AIM OF THE TASK: Before returning the data, strip out the pictures and keep everything else exactly the same.

COLLECTED MATERIAL:

╭──

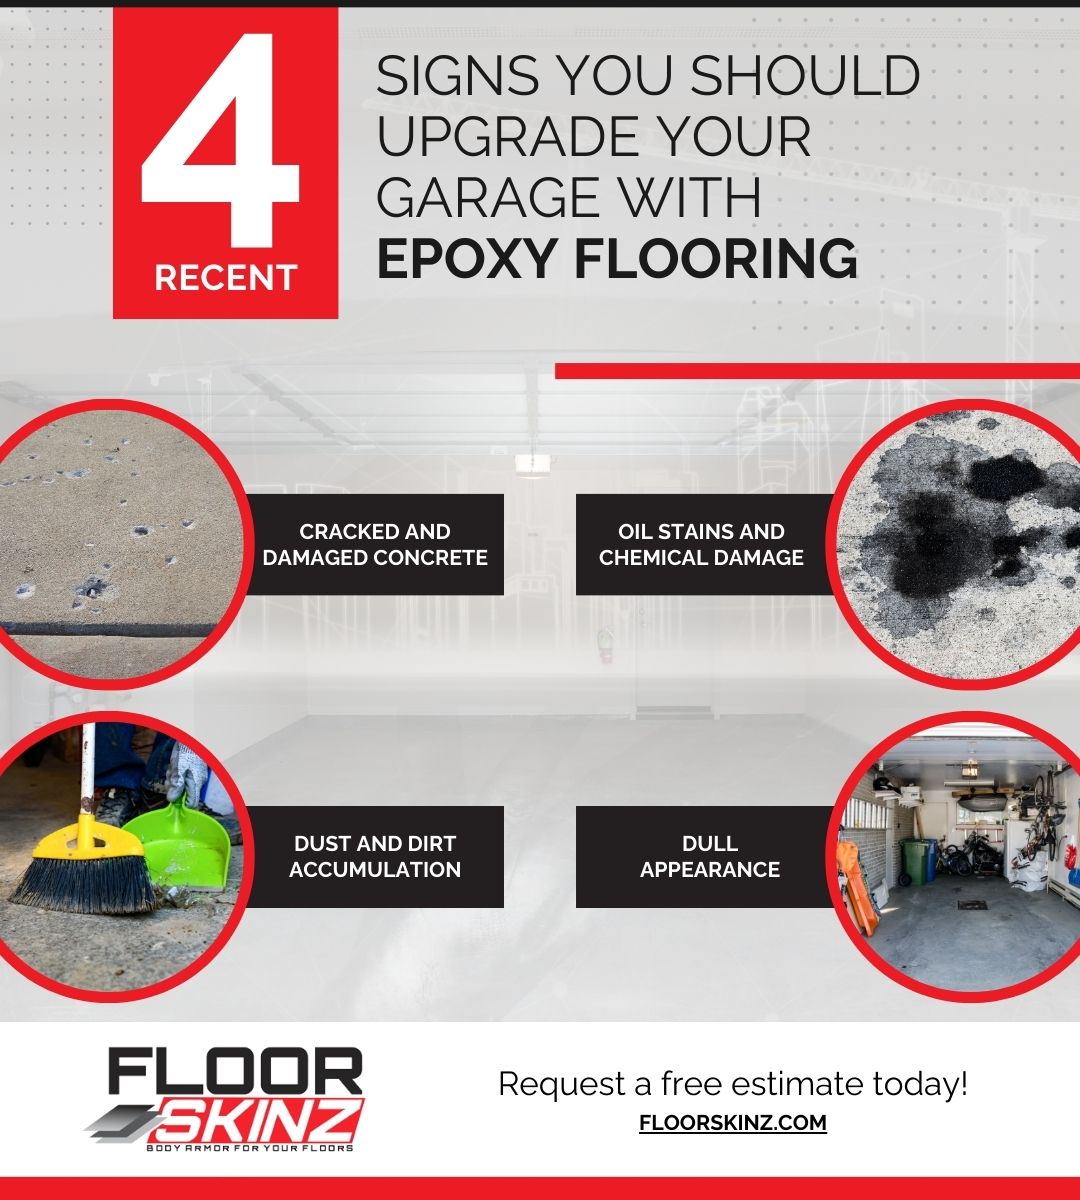 infographic about signs to upgrade your garage with epoxy flooring
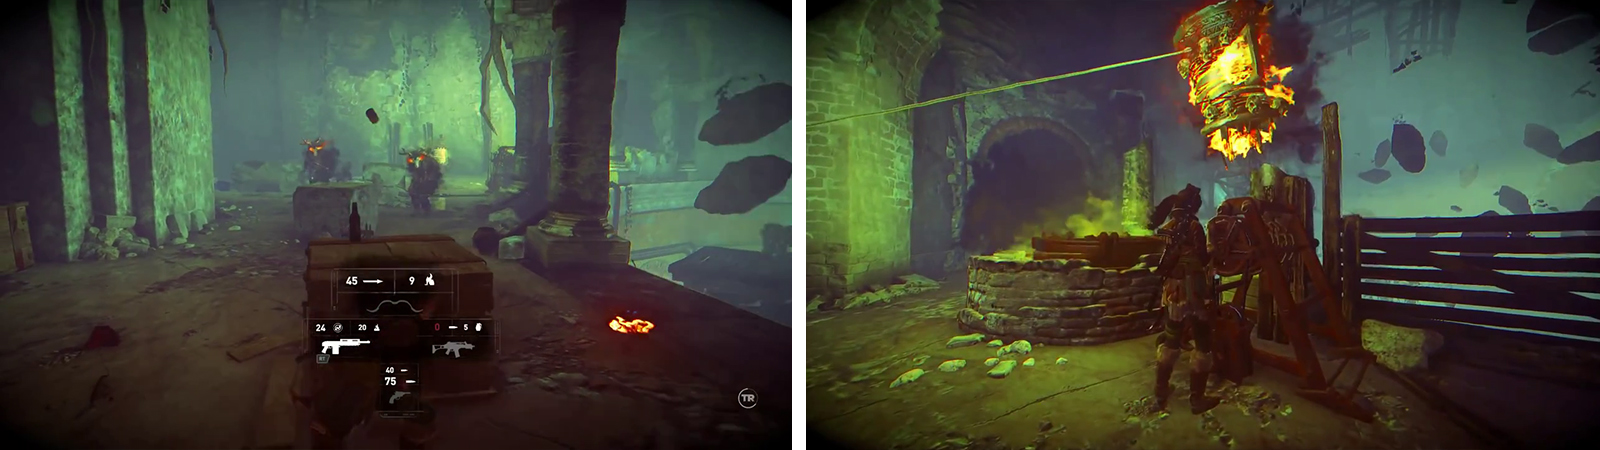 Fight through the last wave of enemies (left) before damaging the with using an explosive vat one last time (right).
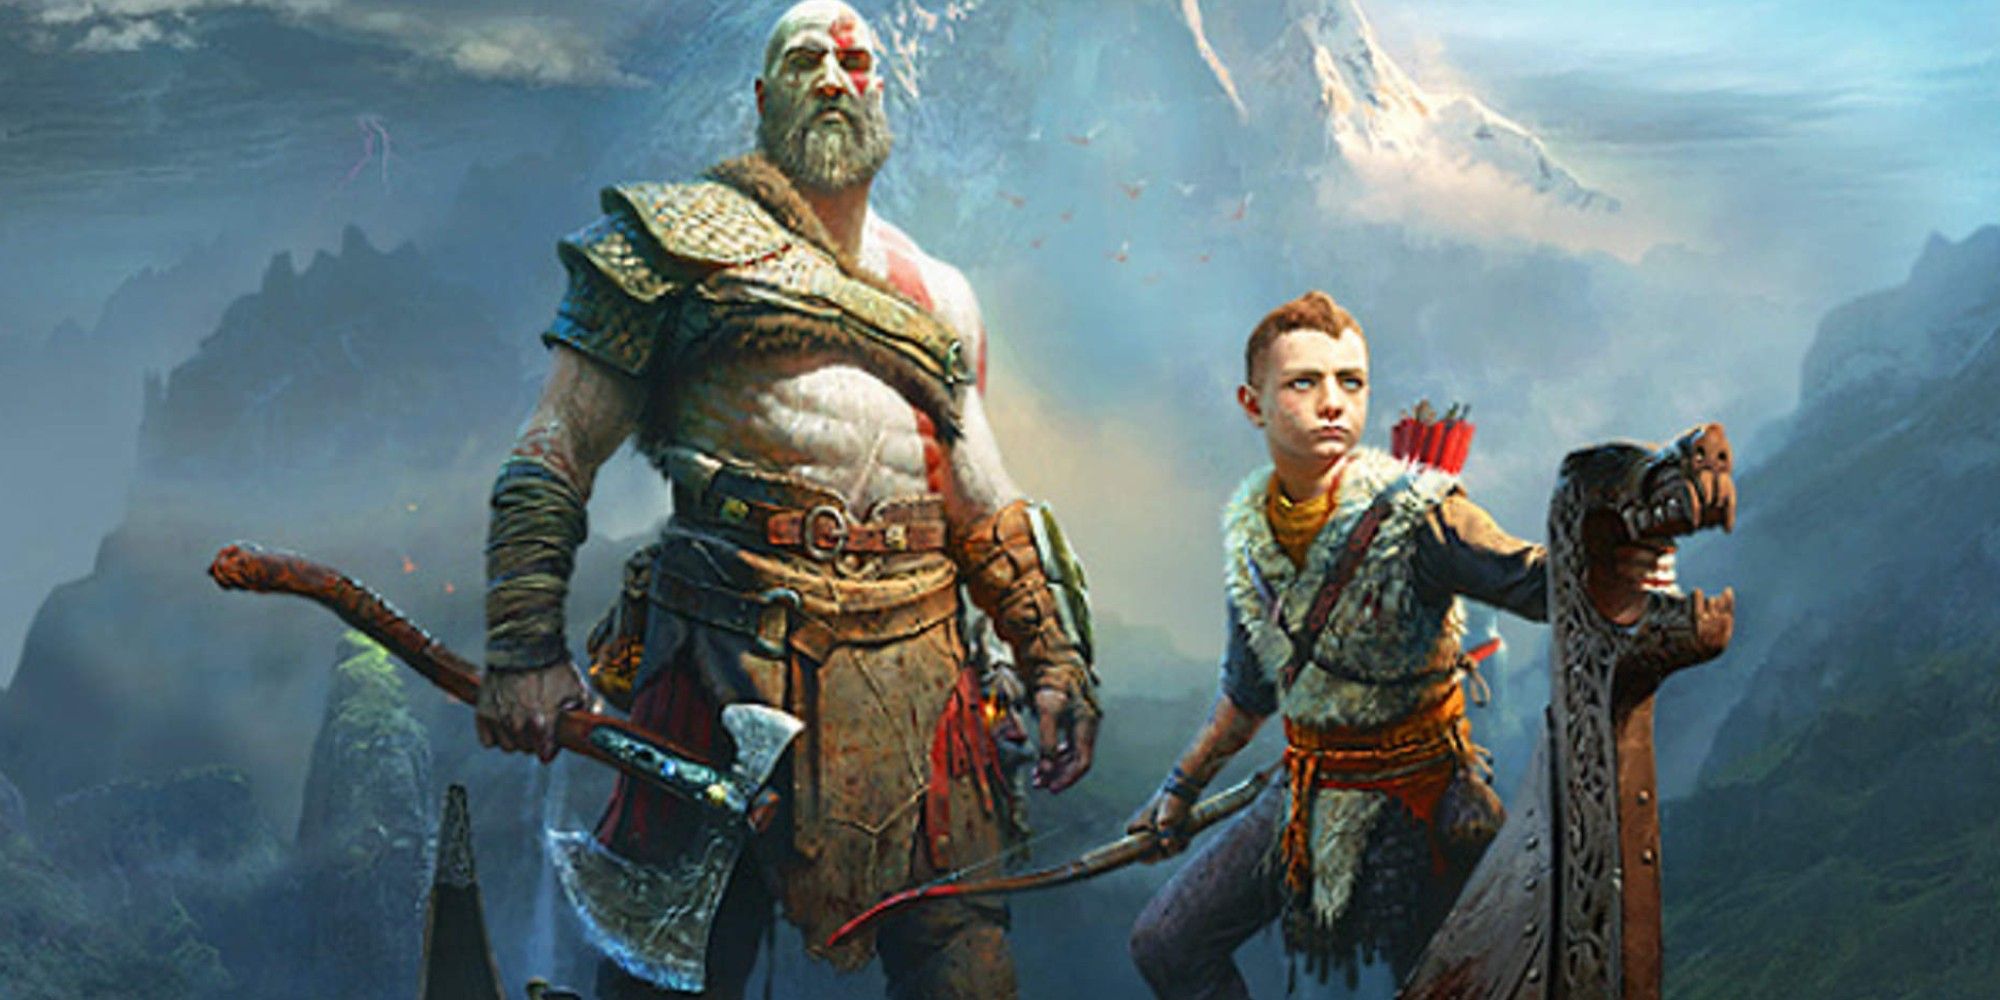 What New Realms Will Be Available In God Of War 5
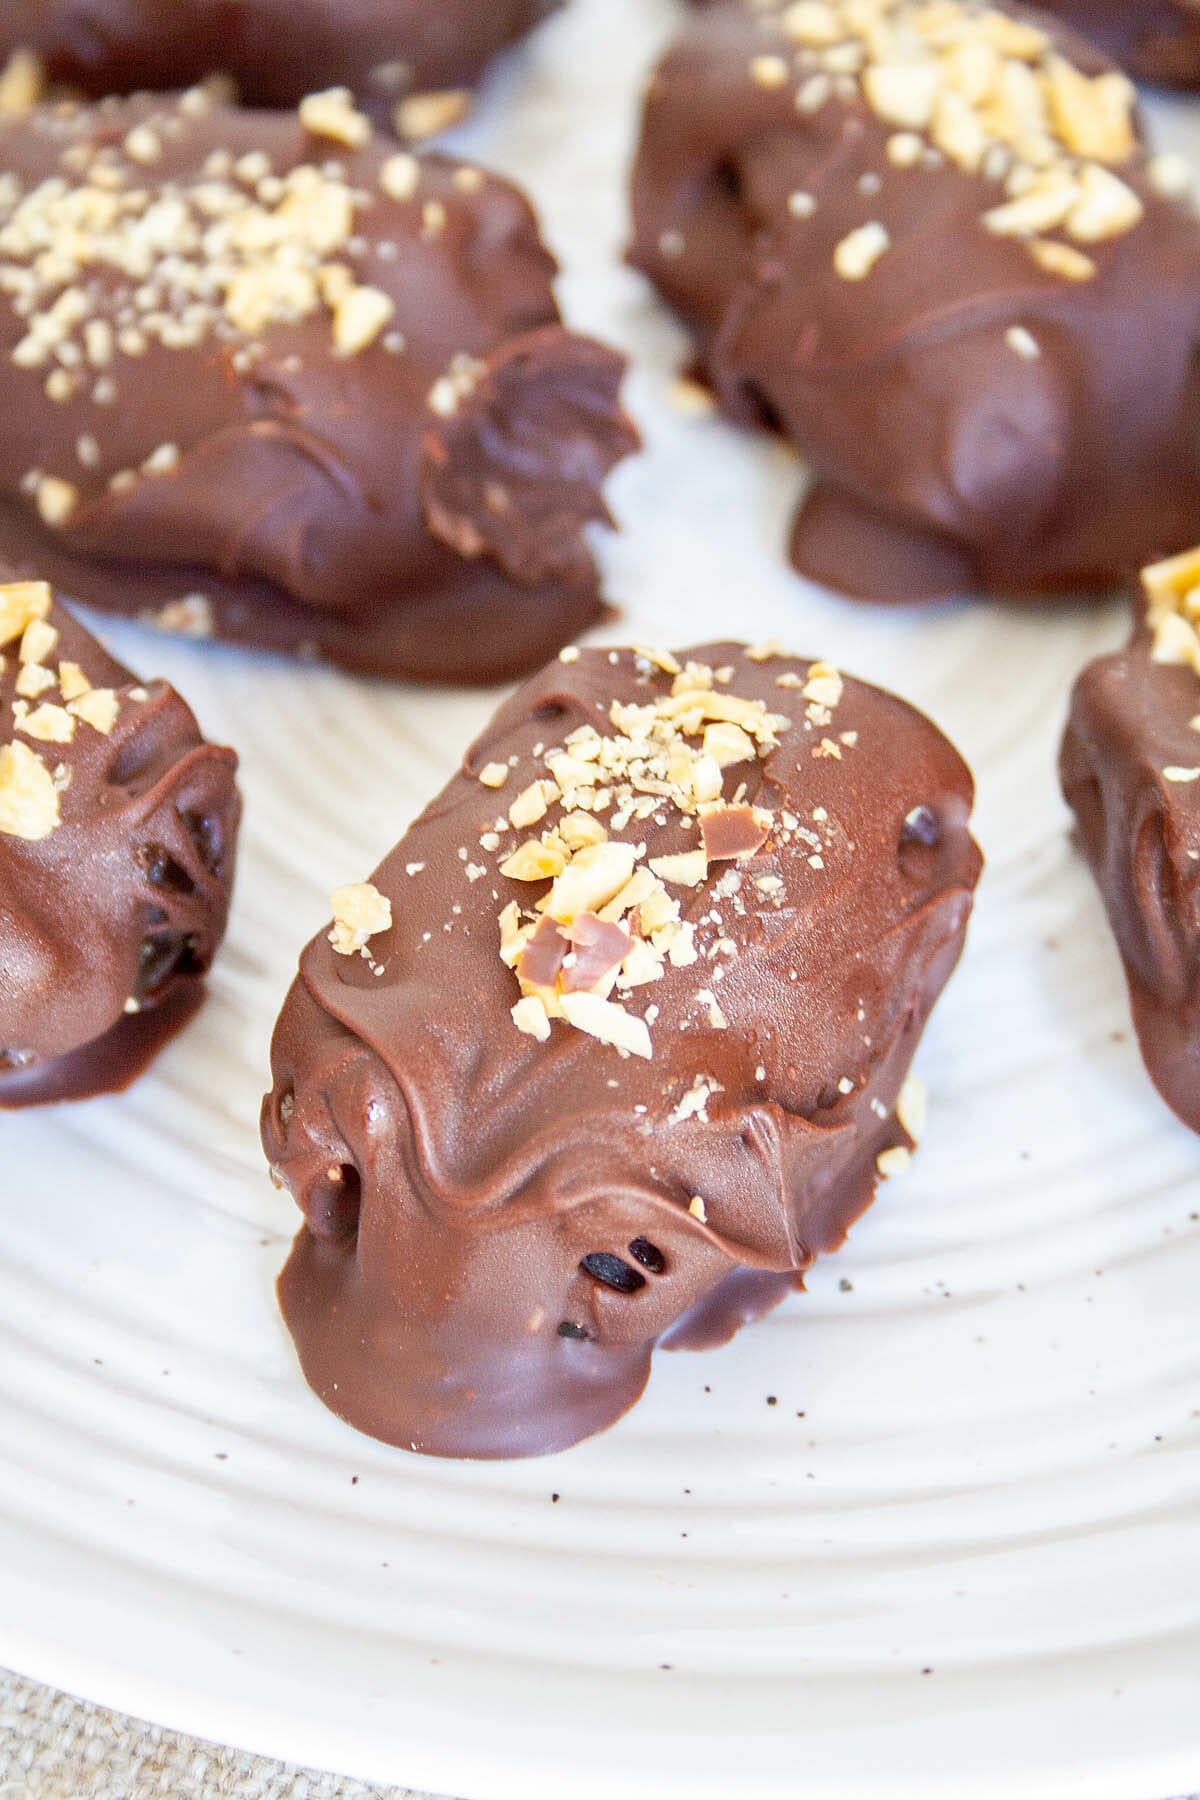 Chocolate Covered Peanut Butter Stuffed Dates on a plate close up.

╰──

EXERCISE ANSWER:
 infographic about signs to upgrade your garage with epoxy flooring
 Fight through the last wave of enemies (left) before damaging the with using an explosive vat one last time (right).
 What New Realms Will Be Available In God Of War 5
 Chocolate Covered Peanut Butter Stuffed Dates on a plate close up.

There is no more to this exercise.